Eлeнa Coзинa

Сознание и письмо в русской литературе

[1] [2] [3] [4] [5] [6] [7] [8] [9] [10] [11] [12] [13] [14] [15] [16] [17] [18] [19] [20] [21] [22] [23] [24] [25] [26] [27] [28] [29] [30] [31] [32] [33] [34] [35] [36] [37] [38] [39] [Литература]

 

Пушкин и Тютчев

Сдается мне, что я представляю собой нечто в роде шахматной фигуры, о которой противник говорит: заперта!
С. Кьеркегор

 

 

 

 

 

Согласно концепции А.В. Михайлова, «перелом рубежа XVIII—XIX вв. сам по себе стоял не под знаком отмежевания от античности, а как раз напротив — под знаком максимального сближения с античностью» (Михайлов 1997, 517). Движение «от непосредственности слова к риторике», ознаменовавшее «самоисчерпание античности» (там же) и, одновременно с тем, радикальный перелом в сознании культуры, вызвали не только «мгновенную исключительность» Пушкина, но и сформировали крупнейшего поэта России Ф.И. Тютчева. Г.С. Кнабе пишет: «Тютчев формировался как человек и поэт в пушкинскую эпоху и среди ее людей. Он разделил с ними особую способность этого поколения — переживать исторический и духовный опыт античного Рима как свой собственный. Он был последним, кто обладал этой способностью» (Тютчевский сборник, 278). Отсюда понятны как уникальность поэзии Тютчева, возрождающей «мифориторическую» культуру слова в новых литературных условиях середины XIX в., так и проблемность творческих отношений двух поэтов: Пушкина и Тютчева. «...Поэзия в 30-х годах мимо его (Пушкина — Е.С.) ушла не вперед и не назад, а вкось: к сложным образованиям Лермонтова, Тютчева, Бенедиктова», — писал в статье 1926 года Ю.Н. Тынянов (Тынянов 1969, 191). К дисгармонической «поэзией мысли», противостоящей пушкинской гармонии, относил творчество Тютчева В.В. Кожинов (Кожинов 1978, 95—154).

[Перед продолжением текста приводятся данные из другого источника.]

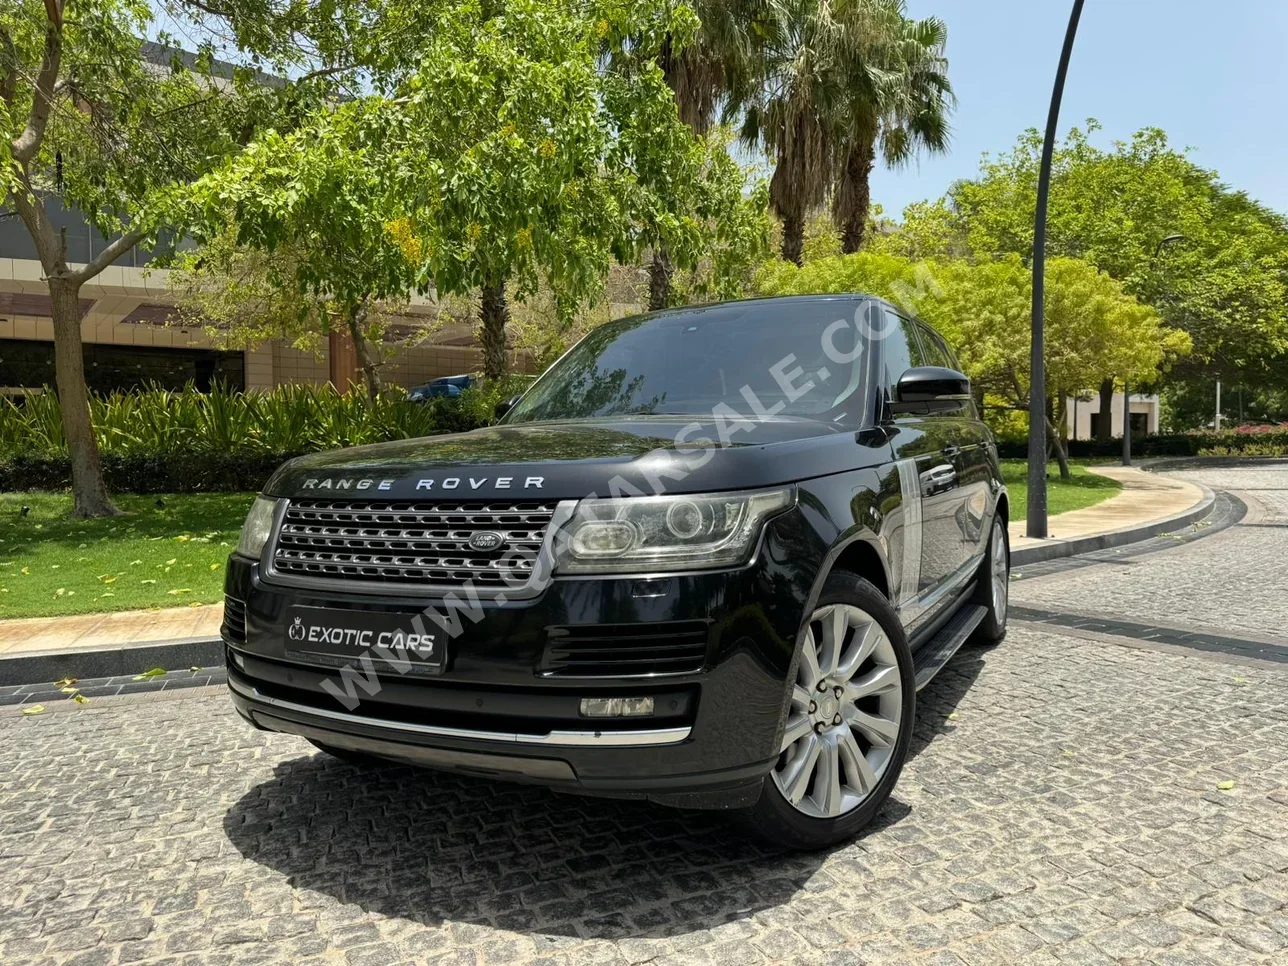 Land Rover  Range Rover  Vogue HSE  2015  Automatic  105,000 Km  8 Cylinder  Four Wheel Drive (4WD)  SUV  Black

Однако, несмотря на всю очевидную несхожесть, более того, контрастность мирообразов двух поэтов, воплощающих противоположные интенции культуры, в «карте» читательского перечитывания они совмещены — или, если угодно, вступают в диалог. «Влияние, как я его понимаю, — говорил Х. Блум, —— это существование не текстов, но лишь отношений между текстами. <...> Отношение-влияние управляет процессом чтения так же, как оно управляет процессом писания, и поэтому чтение — это переписывание, а писание — перечитывание» (Блум 1998, 137). Как известно, характерной чертой тютчевского мирообраза в лирике 1830-х и 1860-х—начала 1870-х годов были принципиальные космологизм и неантропологичность (своего рода о-без-человеченность) мира, поневоле заставляющие вспомнить последние строки пушкинской элегии «Брожу ли я вдоль улиц шумных...». Посмотрим, как же структура смерти, в которую входит сознание Пушкина в конце 20-х годов и которая в нашем анализе оказалась сопряжена с антично-мифологическими смыслами, представлена в произведениях Тютчева.

Особое значение имеет здесь стихотворение Тютчева «От жизни той, что бушевала здесь...» (1871). И.Н. Сухих устанавливал его связь с пушкинским «...Вновь я посетил...» и говорил о том, что внутри намеченной связи «... обнаруживается (тоже, вероятно, неосознанная) полемика с Пушкиным, мнение Тютчева в “великом споре” с первым русским поэтом» (Сухих 1985, 197). Метрическая корреляция стихов двух поэтов, указанная ученым, — факт неоспоримый, и тютчевская тема действительно потребовала «этого “трагического”, “рефлексивного” размера» (там же), каким является пятистопный ямб. Однако нельзя не отметить (на это также указал исследователь), что первоначальная редакция стиха Тютчева написана четырехстопным ямбом — типично пушкинским размером, соблюдаемым и в «Брожу ли я...». С пушкинской элегией стихотворение Тютчева роднит и катренная строфа, которая отсутствует во «...Вновь я посетил...». Но внутри этой общей стихотворной формы у Тютчева происходит существенно иная обработка лирической темы, выявленной нами в пушкинском стихе.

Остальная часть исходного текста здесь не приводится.